From 1985 to 1990, a series of studies indicated that C60, and also C70, were
indeed exceptionally stable and provided convincing evidence for the cage
structure proposal. In addition, evidence was obtained for the existence of
other smaller metastable species, such as C28, C36, and C50, and experimental
evidence was provided for “endohedral” complexes, in which an atom was
trapped inside the cage. Experiments showed that the size of an
encapsulated atom determined the size of the smallest surrounding possible
cage. In 1990 physicists Donald R. Huffman of the United States and
Wolfgang Krätschmer of Germany announced a simple technique for
producing macroscopic quantities of fullerenes, using an electric arc
between two graphite rods in a helium atmosphere to vaporize carbon.
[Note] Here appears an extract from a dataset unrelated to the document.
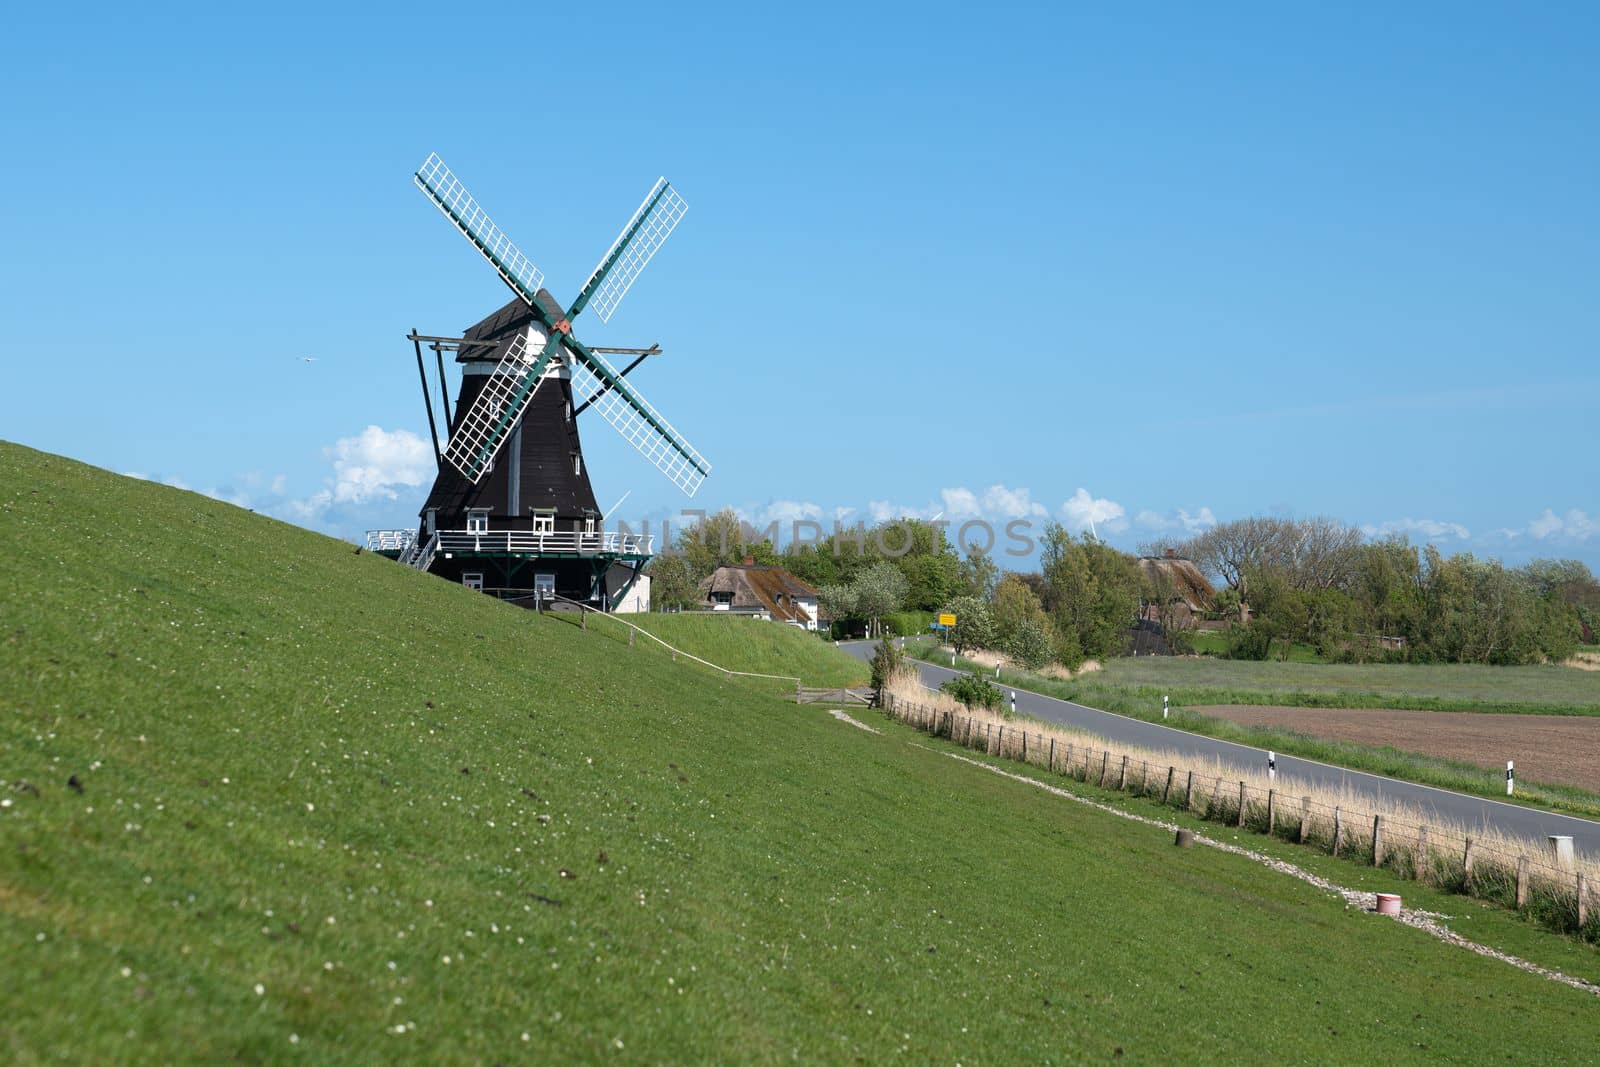 Panoramic image of the windmill of Pellworm against blue sky, North Frisia, Germany

The
resulting condensed vapours, when dissolved in organic solvents, yielded
crystals of C60. With fullerenes now available in workable amounts, research
on these species expanded to a remarkable degree, and the field of fullerene
chemistry was born.
Britannica Quiz
Carbon nanotubes
In 1991 Iijima Sumio of NEC Corporation’s Fundamental Research
Laboratory, Tsukuba Science City, Japan, investigated material extracted
from solids that grew on the tips of carbon electrodes after being discharged
under C60 formation conditions. Iijima found that the solids consisted of tiny
tubes made up of numerous concentric “graphene” cylinders, each cylinder
wall consisting of a sheet of carbon atoms arranged in hexagonal rings. The
cylinders usually had closed-off ends and ranged from 2 to 10 micrometres
(millionths of a metre) in length and 5 to 40 nanometres (billionths of a
metre) in diameter. High-resolution transmission electron microscopy later
revealed that these multiwalled carbon nanotubes (MWNTs) are seamless
and that the spacings between adjacent layers is about 0.34 nanometre, close
to the spacing observed between sheets of graphite. The number of
concentric cylinders in a given tube ranged from 3 to 50, and the ends were
generally capped by fullerene domes that included pentagonal rings
(necessary for closure of the tubes). It was soon shown that single-walled
nanotubes (SWNTs) could be produced by this method if a cobalt-nickel
catalyst was used. In 1996 a group led by Smalley produced SWNTs in high
purity by laser vaporization of carbon impregnated with cobalt and nickel.
These nanotubes are essentially elongated fullerenes.